The contributing factor is also the lack of semantic diversity in current models. Also known as mode collapse, but the name is a bit of misnomer and describes a technicality, not the resulting phenomenon. This indirectly affects creativity as it's usually understood, because the models generate and repeat the same thing in response to the same thing, which is the opposite of novel in layman's definition. That's part of where the slop comes from. Mode collapse has many causes, e.g. post-training with current algorithms. It's likely fixable but AI shops show little to no interest in studying and fixing it.

krona 7 hours ago | parent | next [-]

> That's a common meme but it's the opposite of true.

But you're restating what I just wrote - We're training a status quo machine and the probability of anything outside that distribution rapidly drops to zero.

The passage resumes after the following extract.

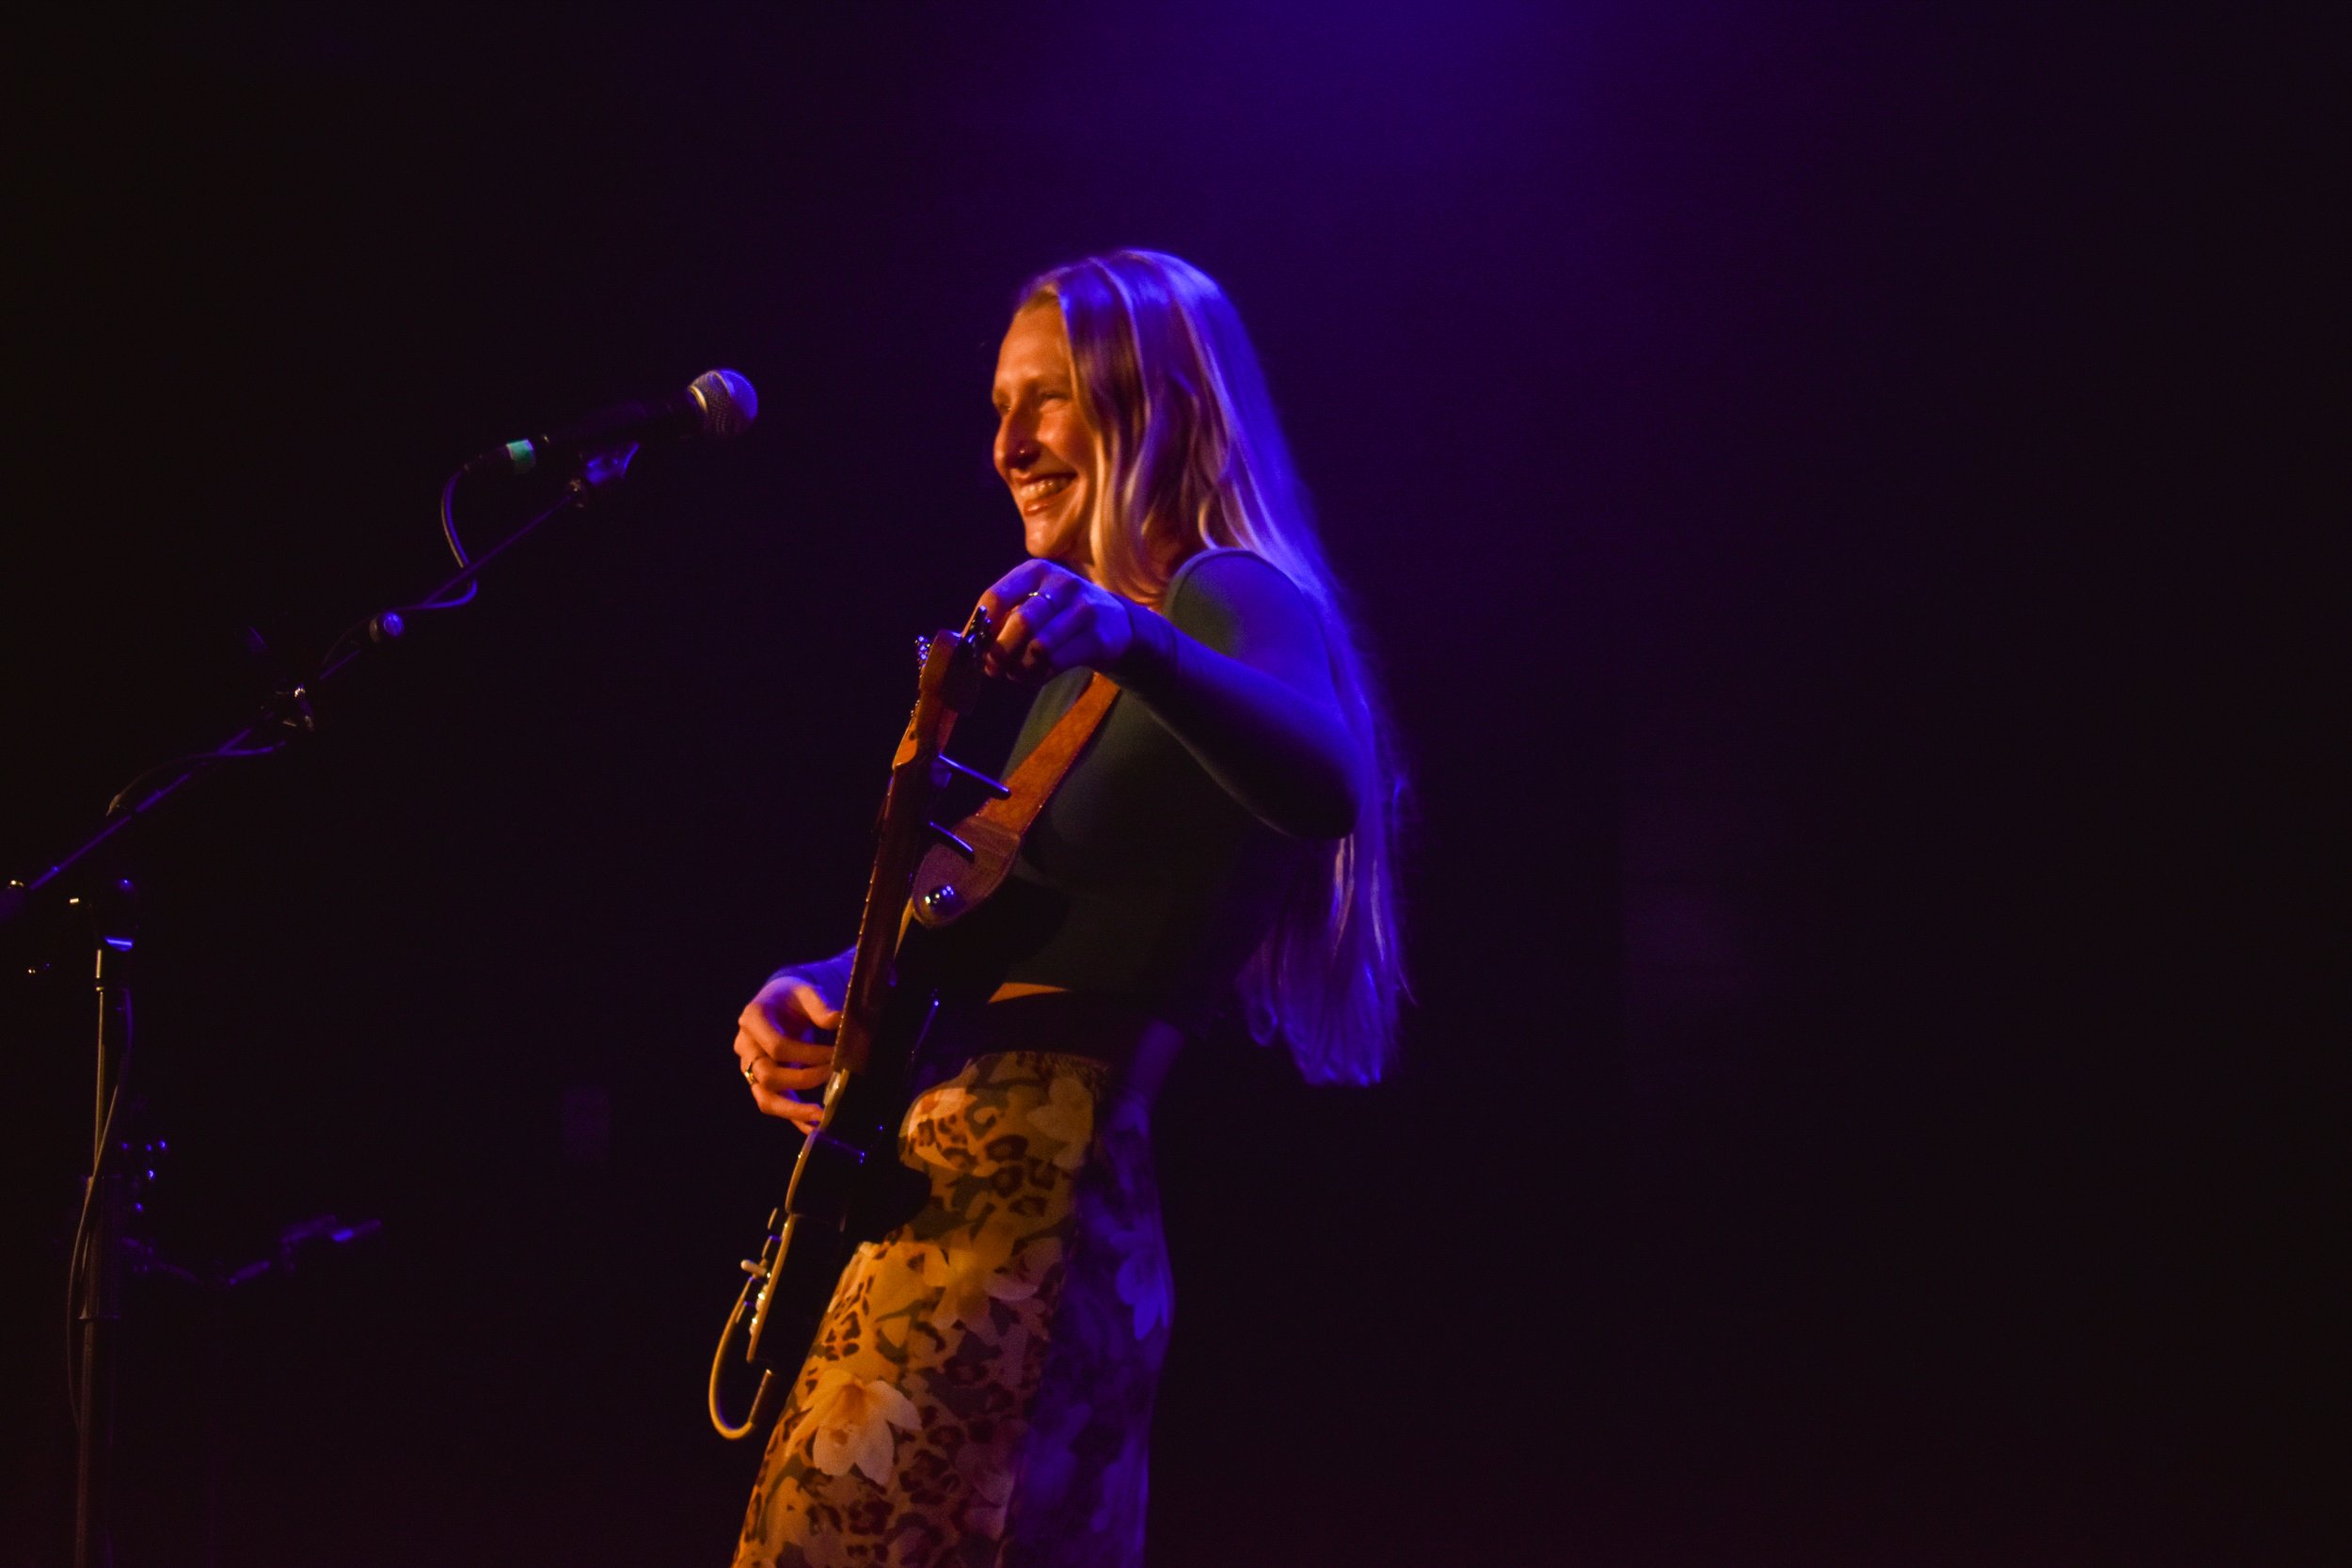  Billie Marten adjusts her guitar and begins to sing “Toulouse,” an emotional song about her time working as a bartender in London.

orbital-decay 7 hours ago | parent [-]

I'm saying that the models have to be trained better for them to be considered creative. Looking at how many low hanging fruits there are in AI right now, I'd say it's possible given enough time and slow enough adoption. Looking at how little the AI labs and everyone else are interested in those low-hanging fruits and how much they're focused on politics, hype, and safety religion, I'm not optimistic.

aerodexis 7 hours ago | parent | prev [-]

so you're saying the difference b/w extrapolation and interpolation is subjective unless the difference is defined tautologically?

kolinko 7 hours ago | parent | next [-]

There isn’t a big difference between interpolation and extrapolation when the space has an immense amount of dimensions, and when you are free to modify the space at will.

aerodexis 6 hours ago | parent [-]

Nice point. I agree with this, and it implies that it's useless to apply the category of creativity to LLMs (at least wrt interpolation and extrapolation), and even more useless to suggest that we'll cross the creativity threshold once the models have been sufficiently embiggened.

orbital-decay 7 hours ago | parent | prev [-]

I'm saying extrapolation as a mathematical concept is orthogonal to the non-rigorous definition of creativity.